# Matrix Factorization

We will experiment with the recent MovieLens 25M Dataset and build a recommender system using two approaches:
* Factorizing the user-item matrix using Spark ALS implementation
* Factorizing the item-item PMI maatrix using randomized SVD

In both settings we will index the item embeddings and inspect their quality using KNN queries.

# Part 1

### Download the dataset

In [0]:
!wget http://files.grouplens.org/datasets/movielens/ml-25m.zip
!unzip ml-25m
dbutils.fs.ls("file:/databricks/driver/ml-25m/")
dbutils.fs.mv("file:/databricks/driver/ml-25m/", "dbfs:/ml-25m/", recurse=True)

In [0]:
dbutils.fs.ls("dbfs:/ml-25m/")

### Loading the ratings dataset

In [0]:
#from pyspark.sql import SparkSession
#from pyspark.ml.evaluation import RegressionEvaluator
#from pyspark.ml.recommendation import ALS
#from pyspark.sql import Row
#import pyspark.sql.functions as F

In [0]:
movies_df = spark.read.csv('dbfs:/ml-25m/movies.csv', header=True, inferSchema=True).cache()
ratings_df = spark.read.csv('dbfs:/ml-25m/ratings.csv', header=True, inferSchema=True)

### Split the dataset
We want to randomly split the dataset into train and test parts

In [0]:
import pyspark.sql.functions as F

In [0]:
# you may want to try this :

#training_percent = 80
#training_df = user_movies_interactions = (
#    ratings_df
#    .filter(F.expr(f'PMOD(HASH(userId),100)')<training_percent)
#    .repartition('userId', 'movieId')
#).cache()
#validation_df = user_movies_interactions = (
#    ratings_df
#    .filter(F.expr(f'PMOD(HASH(userId),100)')>=training_percent)
#    .repartition('userId', 'movieId')
#).cache()

# it won't help much in the validation phase though !

In [0]:
(training_df, validation_df) = ratings_df.randomSplit([0.8, 0.2])

In [0]:
training_df.count()

### Build ALS model
Using the Spark ALS implementation described here https://spark.apache.org/docs/2.2.0/ml-collaborative-filtering.html
Build a model using the ml-25m dataset.

How long does the training take, change the rank (i.e. the dimension of the vectors) from 10 to 20. How does that affect training speed ?

In [0]:
from pyspark.ml.recommendation import ALS
import time

ranks=[10,15,20,30]
models=[]
training_time=[]

for rank in ranks:
  start_time = time.time()
  als = ALS(rank=rank, maxIter=5, regParam=0.01, userCol="userId", itemCol="movieId", ratingCol="rating", coldStartStrategy="drop")
  model = als.fit(training_df)
  models.append(model)
  training_time.append(time.time() - start_time)

In [0]:
from matplotlib.pyplot import plot
%matplotlib inline
plot(ranks, training_time)

# processing time seems linear as long as we don't have memory issues to deal-with.

### Evaluation
Using the code described in the Spark documentation, evaluate how good your model is doing on the test set.
The goal is to predict the held out ratings.
A good metric could be RMSE or MAE.

In [0]:
from pyspark.ml.evaluation import RegressionEvaluator

predictions = model.transform(validation_df)
evaluator = RegressionEvaluator(metricName="mae", labelCol="rating", predictionCol="prediction")
mae = evaluator.evaluate(predictions)
print("MAE = " + str(mae))

### Inspecting the results

Retrieve the movie vectors from the learned model object (the property is called itemFactors).
and `collect` all these vectors in a list.

In [0]:
movie_vectors_df = model.itemFactors.join(movies_df.withColumnRenamed('movieId', 'id'), 'id').select('title', 'features')

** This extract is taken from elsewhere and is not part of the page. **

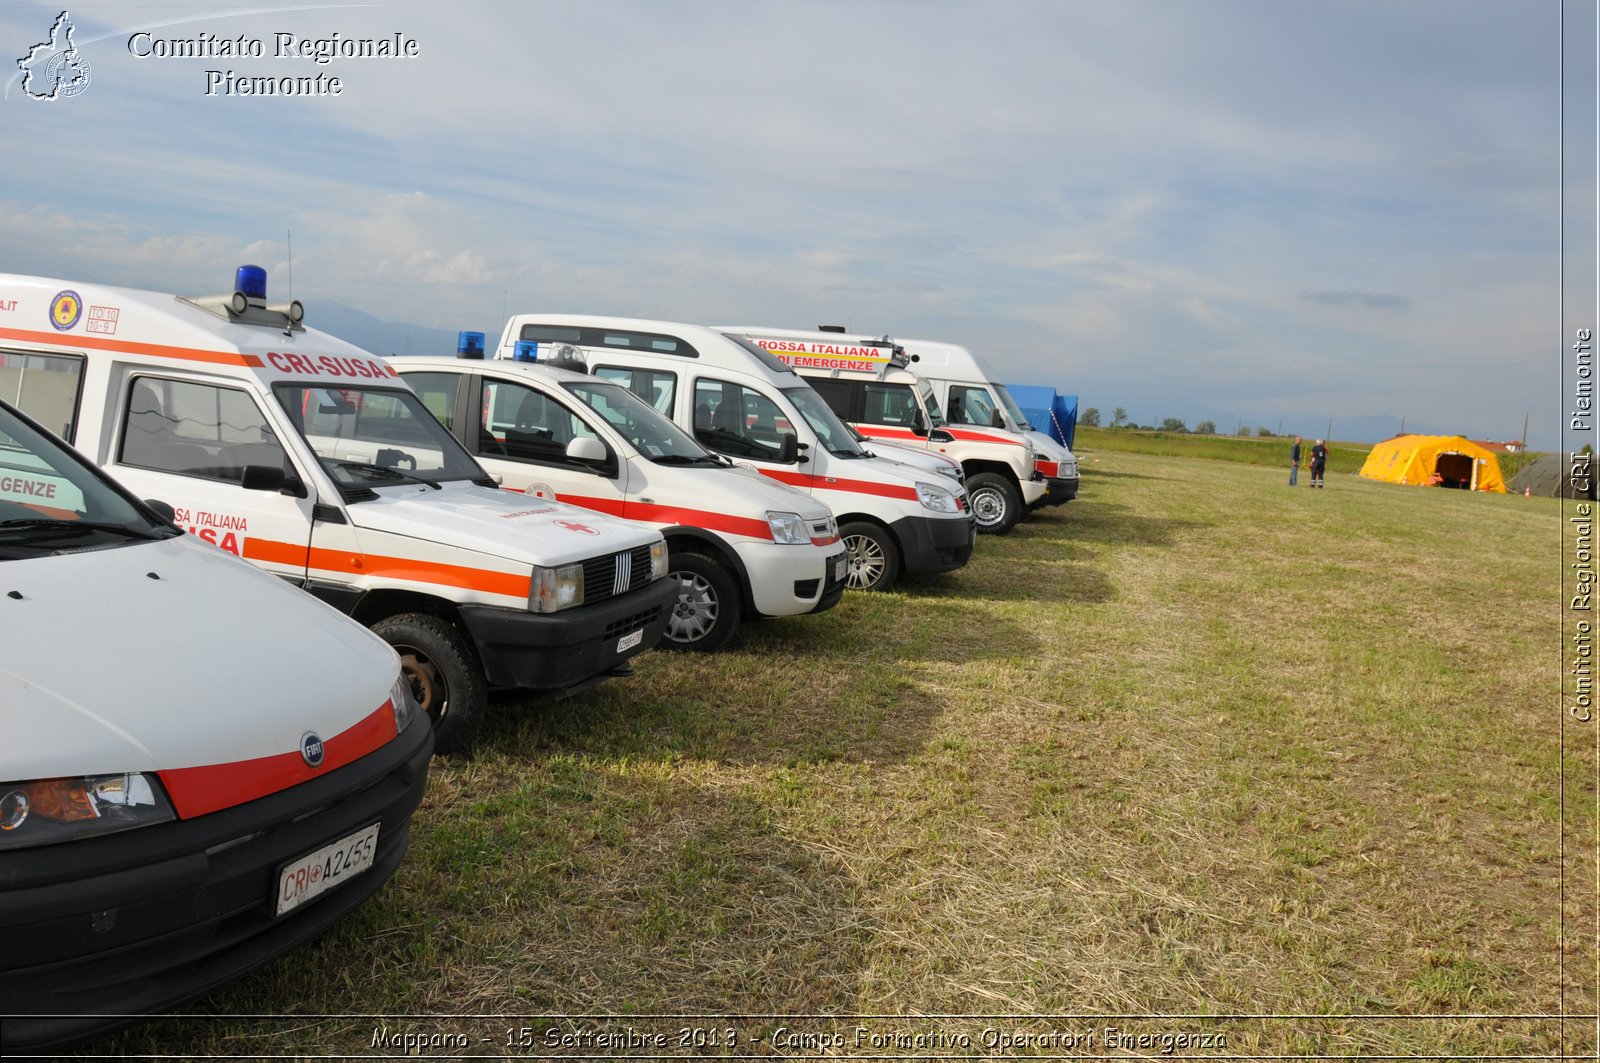 Mappano - 15 Settembre 2013 - Campo Formativo Operatori Emergenza - Croce Rossa Italiana - Comitato Regionale del Piemonte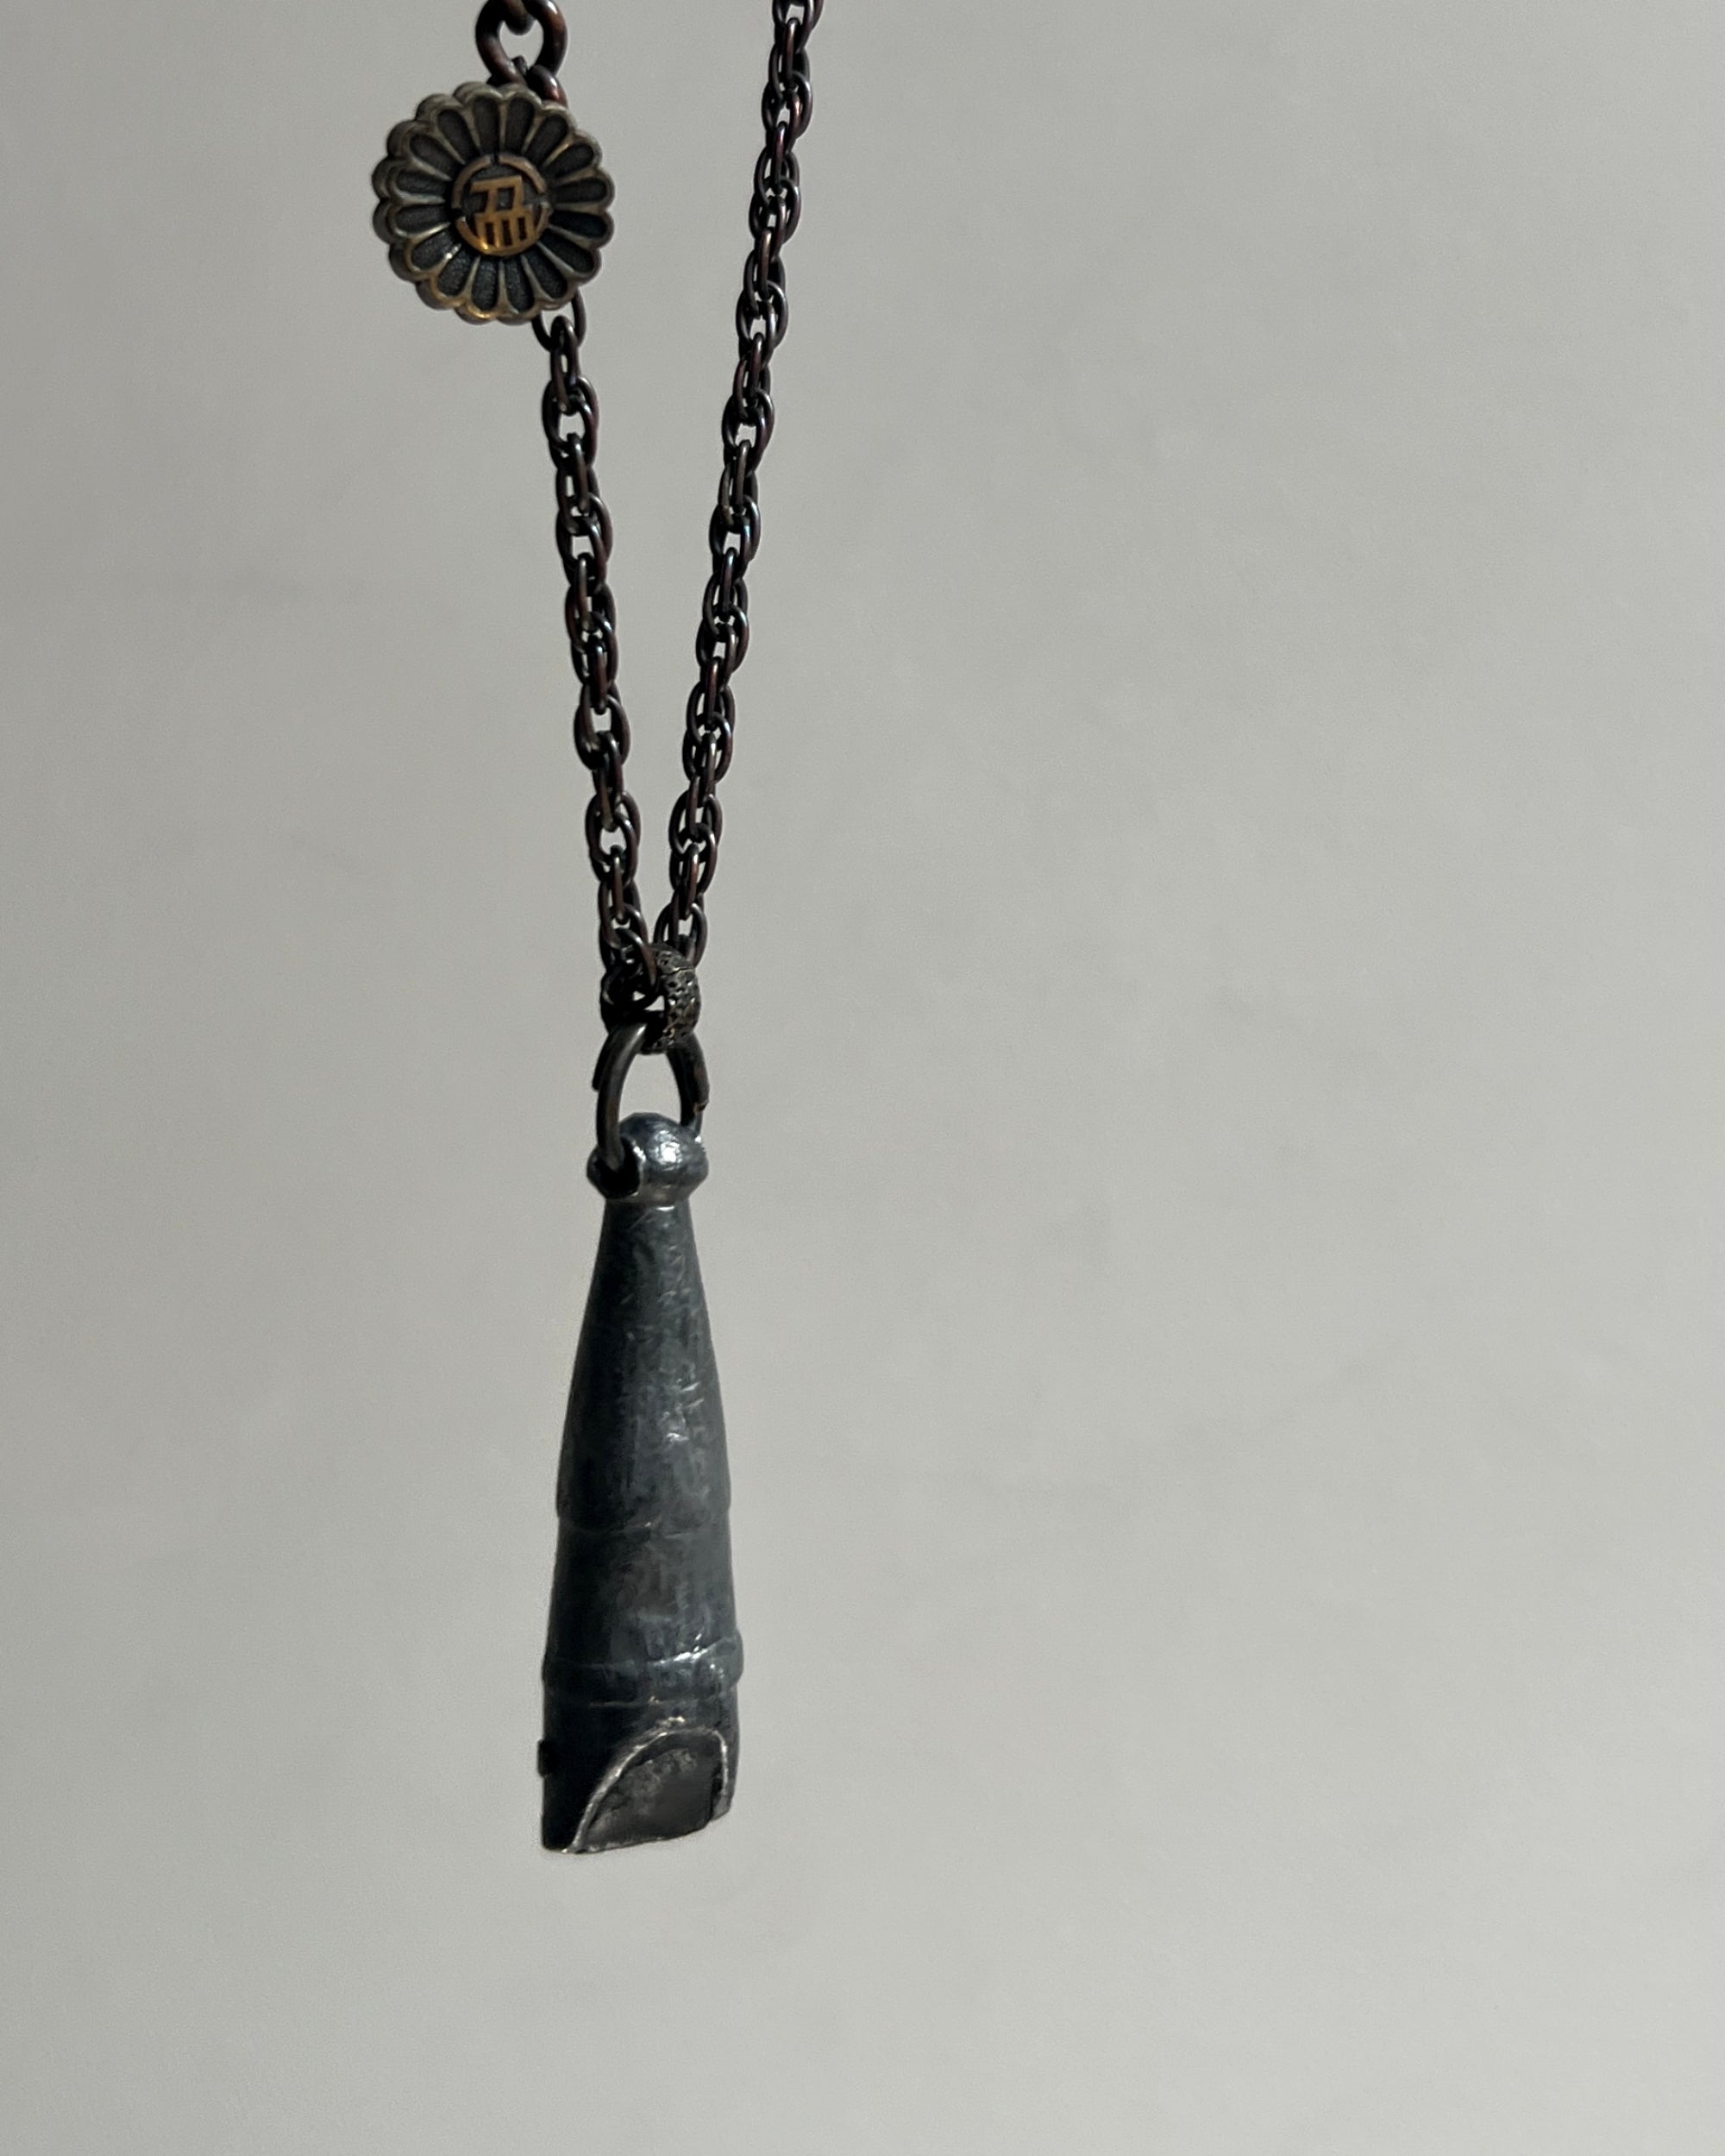 modern marcel : vintage whistle necklace

Now we need to create a dictionary mapping the movieId to it's title to ease the inspection. 
Load the `movies.csv` file using pyspark or pandas and create a `dict` movieId -> title.

In [0]:
movie_vect_dict = {r['title'] : r['features'] for r in movie_vectors_df.collect()}

### Using Nearest neighbours

Pick a few movies, and for each of them, find-out the top 5 nearest neighbours. This is very similar to an optional question of the PLSA project...

In [0]:
title_vector_array = movie_vectors_df.collect()
titles = [r['title'] for r in title_vector_array]
vectors = [r['features'] for r in title_vector_array]

In [0]:
import numpy
from numpy import linalg as LA
import heapq
# naive knn with queue, using numpy to batch vector operations
def knn(query, k, titles, vectors):
  start_time = time.time()
  nb_movies = len(titles)
  diff = numpy.array(vectors) - numpy.array(query)
  distances = LA.norm(diff, axis=1)
  indices = heapq.nlargest(k, range(0, nb_movies), key=lambda x: -distances[x])
  ret = [(titles[i], distances[i]) for i in indices]
  print(f"{time.time() - start_time}")
  return ret

In [0]:
def analyze(i):
  print(f"Query title : {titles[i]}")
  query_vec = vectors[i]
  ret = knn(query_vec, 10, titles, vectors)
  for res in ret:
    print(res)

In [0]:
analyze(4)

# Part 2

### Another approach - RSVD

We now are going to factorize the item-item PMI matrix using randomized SVD.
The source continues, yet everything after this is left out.